We start with reading the word lists so they can be used for the lifetime of the server

func initWordList() {
	wordList = make([]string, 5+1)
	for i := 2; i < 5+1; i++ {
		tmp, err := os.ReadFile("../generator/words-" + strconv.Itoa(i) + ".txt")
		if err != nil {
			log.Fatal(err)
		}
		wordList[i] = string(tmp)
	}
}

func main() {
	initWordList()
  ...
}

Add handler for /new url path

function main() {
  ...
  http.HandleFunc("/new", func(w http.ResponseWriter, r *http.Request) {
    ...
  })
}

In the handler, we will create the crossword, set some black cells, and then fill it using the WFC algorithm.
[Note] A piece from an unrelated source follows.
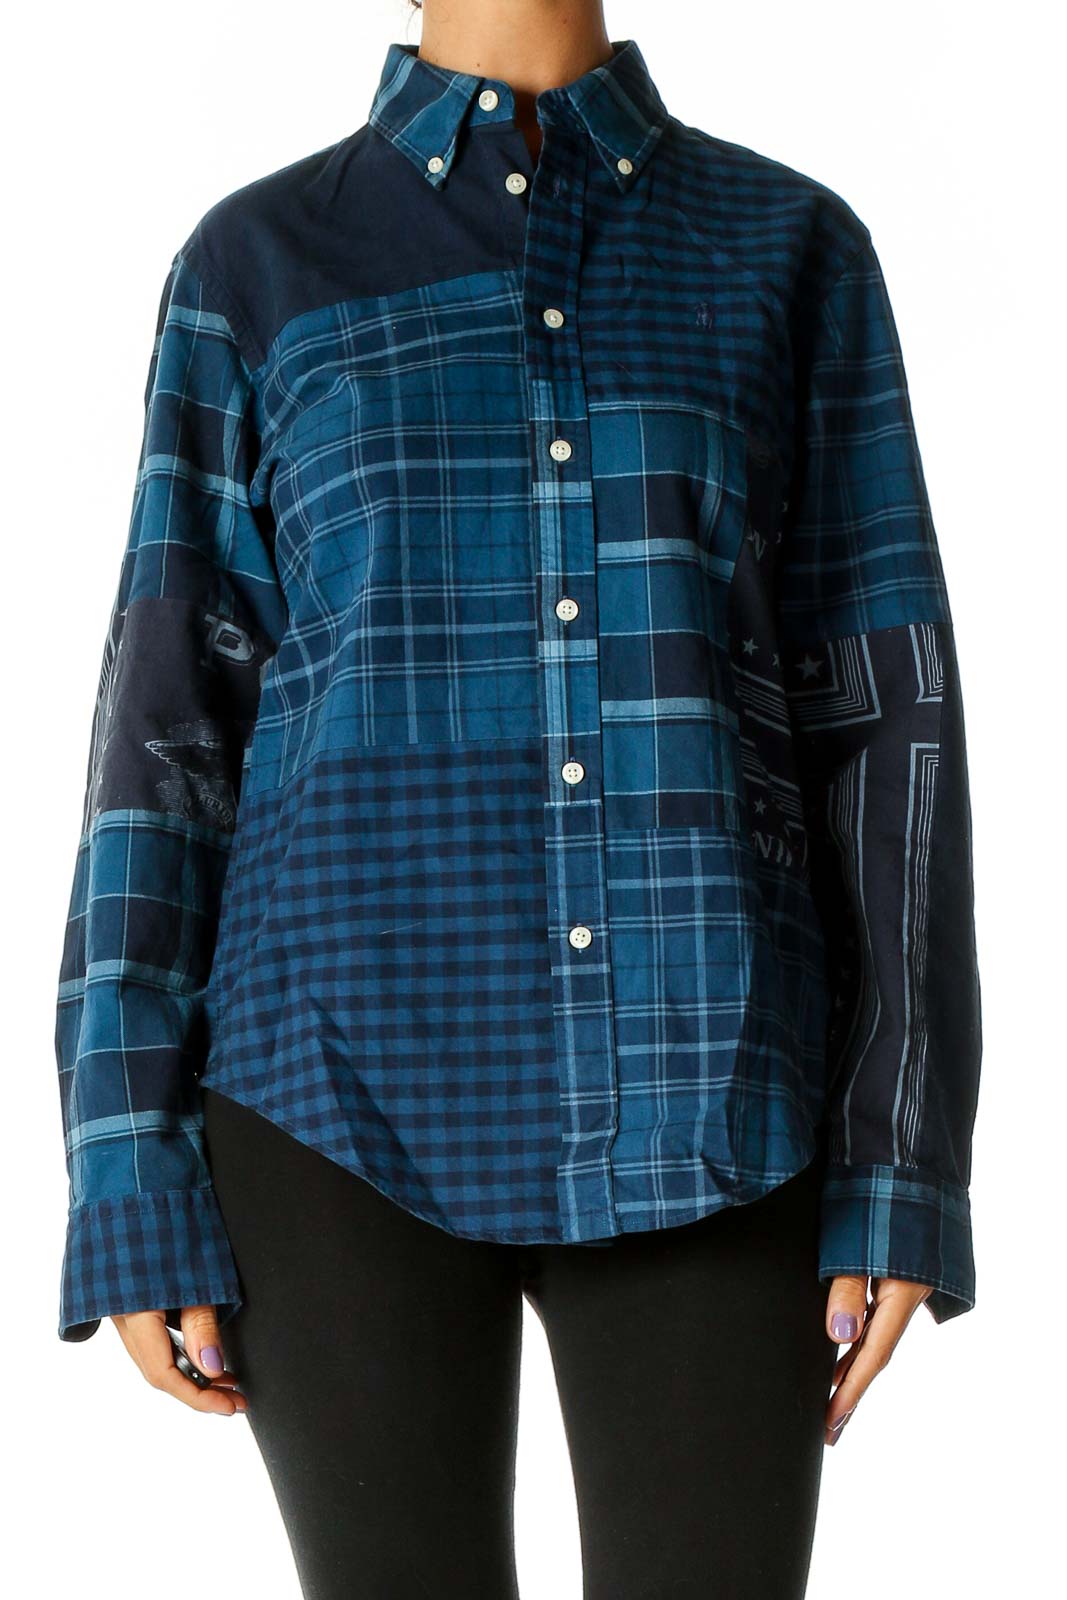 Blue Checkered Work Shirt Front

If the fill fails then we send HTTP status 500.

function main() {
  ...
  http.HandleFunc("/new", func(w http.ResponseWriter, r *http.Request) {
    ...
		numBlanks := rand.Intn(2)

		for i := 0; i < numBlanks+1; i++ {
			x := rand.Intn(5)
			y := rand.Intn(5)
			c.SetCell(x, y, 45)
			c.SetCell(4-x, 4-y, 45)
		}

		if !c.Fill(&wordList) {
			fmt.Println("Failed to fill crossword")
			w.WriteHeader(http.StatusInternalServerError)
			return
		}
    ...
  })
}

Next we generate clues as shown in the previous section, format the output and return JSON reponse

function main() {
  ...
  http.HandleFunc("/new", func(w http.ResponseWriter, r *http.Request) {
    ...
		for _, entry := range c.GetEntries() {
			if entry.Across {
				across = append(across, []interface{}{entry.Row, entry.Column, len(entry.Word), clues[entry.Word]})
			} else {
				down = append(down, []interface{}{entry.Row, entry.Column, len(entry.Word), clues[entry.Word]})
			}
		}

		data := NewCrosswordResponse{Rows: c.Height, Columns: c.Width, Grid: c.ToByteArray(), Across: across, Down: down}

		j, err := json.Marshal(data)
		if err != nil {
			log.Fatal(err)
		}

		w.Header().Set("Access-Control-Allow-Origin", "*")
		w.Header().Set("Content-Type", "application/json")
		w.Write(j)
    ...
  })
}

Finally, we can start the server with

http.ListenAndServe(":8080", nil)

I will create a separate post for the frontend for the crossword. The code for the frontend is also in the same Github repo.